Taubman's statement Wednesday follows Simon's own announcement earlier that day and a lawsuit accusing the Bloomfield Hills, Michigan, business of allowing itself to be damaged by the deadly COVID-19 outbreak to the point where the acquisition of Taubman must be canceled.
"Taubman believes that Simon's purported termination of the merger agreement is invalid and without merit, and that Simon continues to be bound to the transaction in all respects," according to a statement from Taubman.
Taubman said it will enforce its rights under the two companies' contract, including specific performance and monetary damages. The company added that its shareholder meeting to approve the deal remains scheduled for June 25.
"Taubman intends to hold Simon to its obligations under the merger agreement and the agreed transaction, and to vigorously contest Simon's purported termination and legal claims," the company said.
In addition to announcing that the deal is off, Simon sued Taubman Centers Inc. and The Taubman Realty Group Ltd. Partnership in Michigan state court Wednesday. The suit asks the court to find that Taubman has suffered a material adverse effect, or MAE, and has breached covenants in the merger agreement relating to the operation of its business.
MAEs are a standard feature of merger agreements that, in narrowly defined situations, can provide an out for buyers. Although they are not escape hatches for all mergers and acquisitions gone bad, depending on the circumstances they can be a lever that a buyer can pull if market conditions have changed so drastically that a deal doesn't make sense anymore.
According to Simon, the coronavirus pandemic has had a "uniquely material and disproportionate effect on Taubman compared with other participants in the retail real estate industry." Simon says the merger agreement explicitly states that the company could terminate the deal in the event that a pandemic disproportionately harmed Taubman.
Simon said Taubman breached its obligations to closing the deal by failing to take steps to "mitigate the impact of the pandemic as others in the industry have, including by not making essential cuts in operating expenses and capital expenditures."

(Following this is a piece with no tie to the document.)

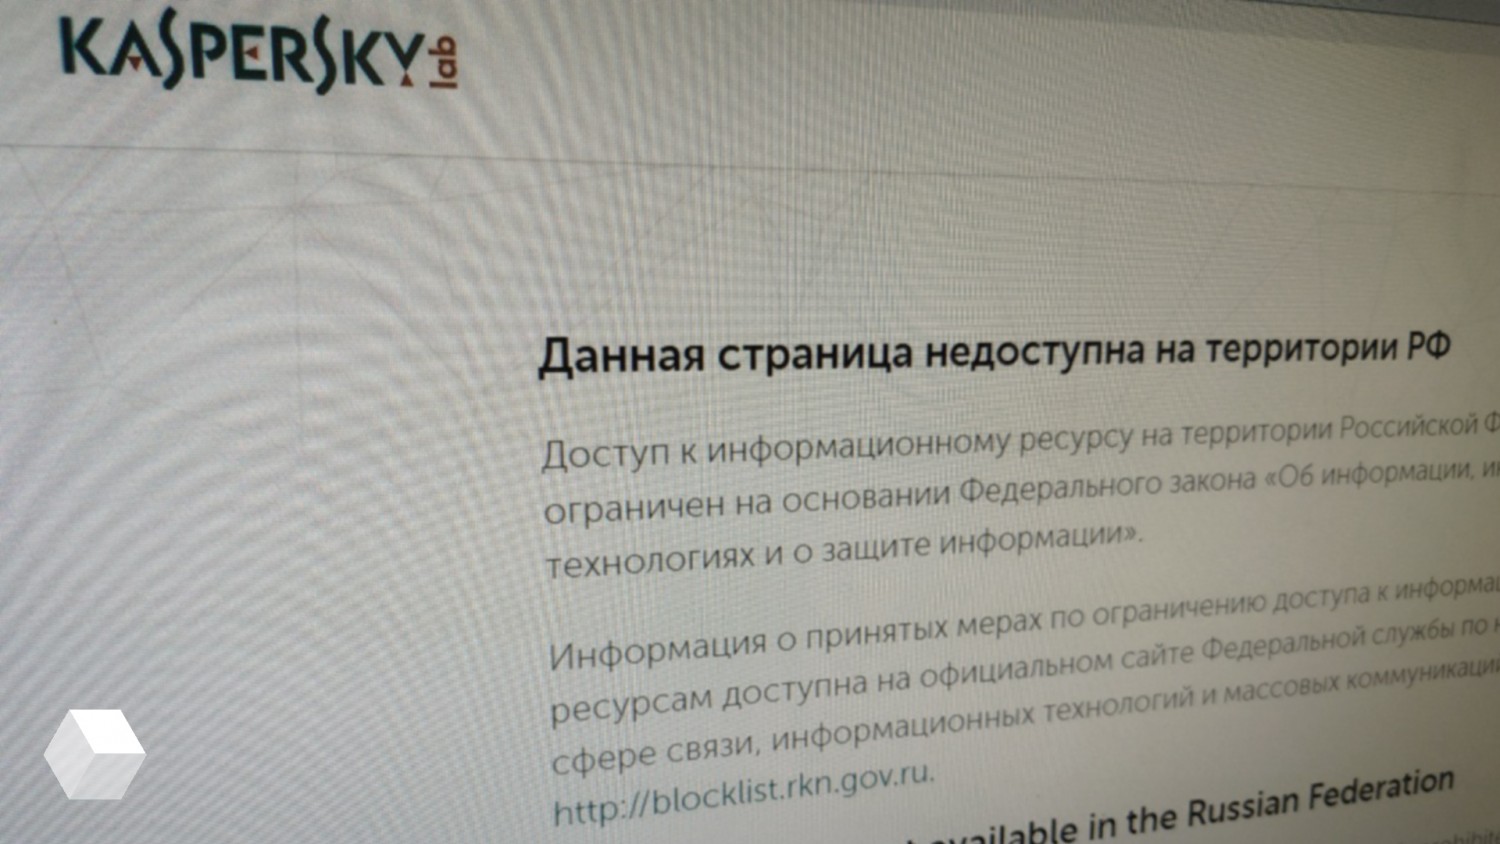 Когда запретят впн. Доступ к сайту запрещен лаборатории Касперского. Страница недоступна. Впн запретили в России. Список запрещённых VPN В России.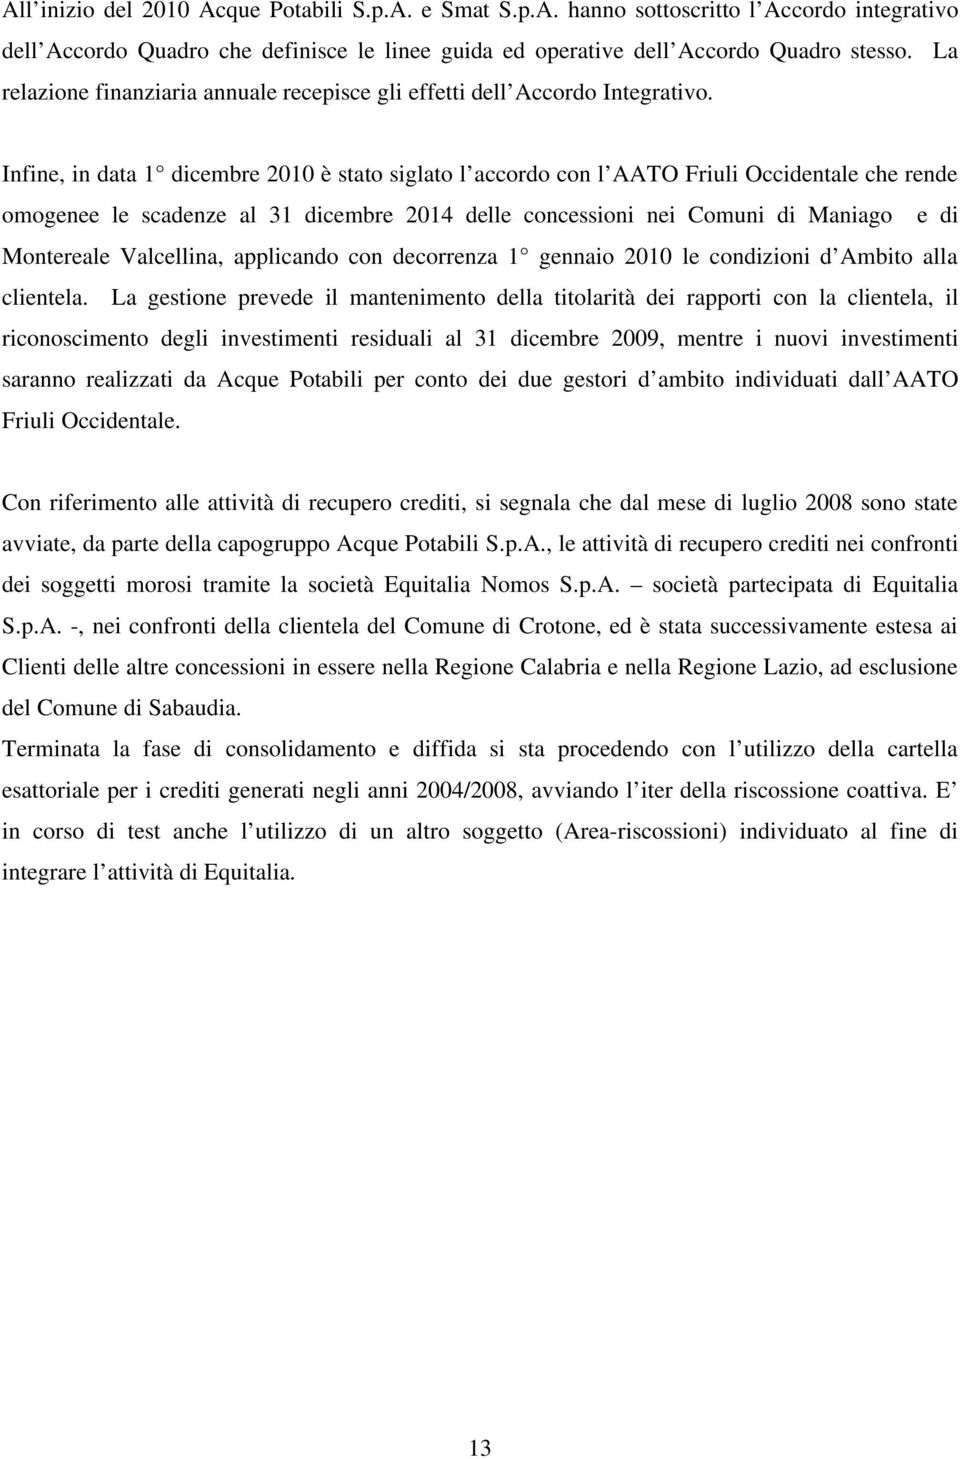 Infine, in data 1 dicembre 2010 è stato siglato l accordo con l AATO Friuli Occidentale che rende omogenee le scadenze al 31 dicembre 2014 delle concessioni nei Comuni di Maniago e di Montereale

The deal, inked in February, saw Indiana-based Simon agreeing to buy all of Taubman's common stock for $52.50 per share. The agreement, which was steered by law firms Paul Weiss Rifkind Wharton & Garrison LLP, Latham & Watkins LLP, Wachtell Lipton Rosen & Katz, Honigman and Kirkland & Ellis LLP, would see Simon become an 80% owner of the real estate investment trust's operating subsidiary, Taubman Realty Group.
A representative for Simon declined to comment Thursday and a representative for Taubman did not immediately respond to request for comment.
The case is Simon Property Group Inc. vs. Taubman Centers Inc., case number 2020-181675-CB, in the Circuit Court for the Sixth Judicial Circuit of Oakland County, Michigan.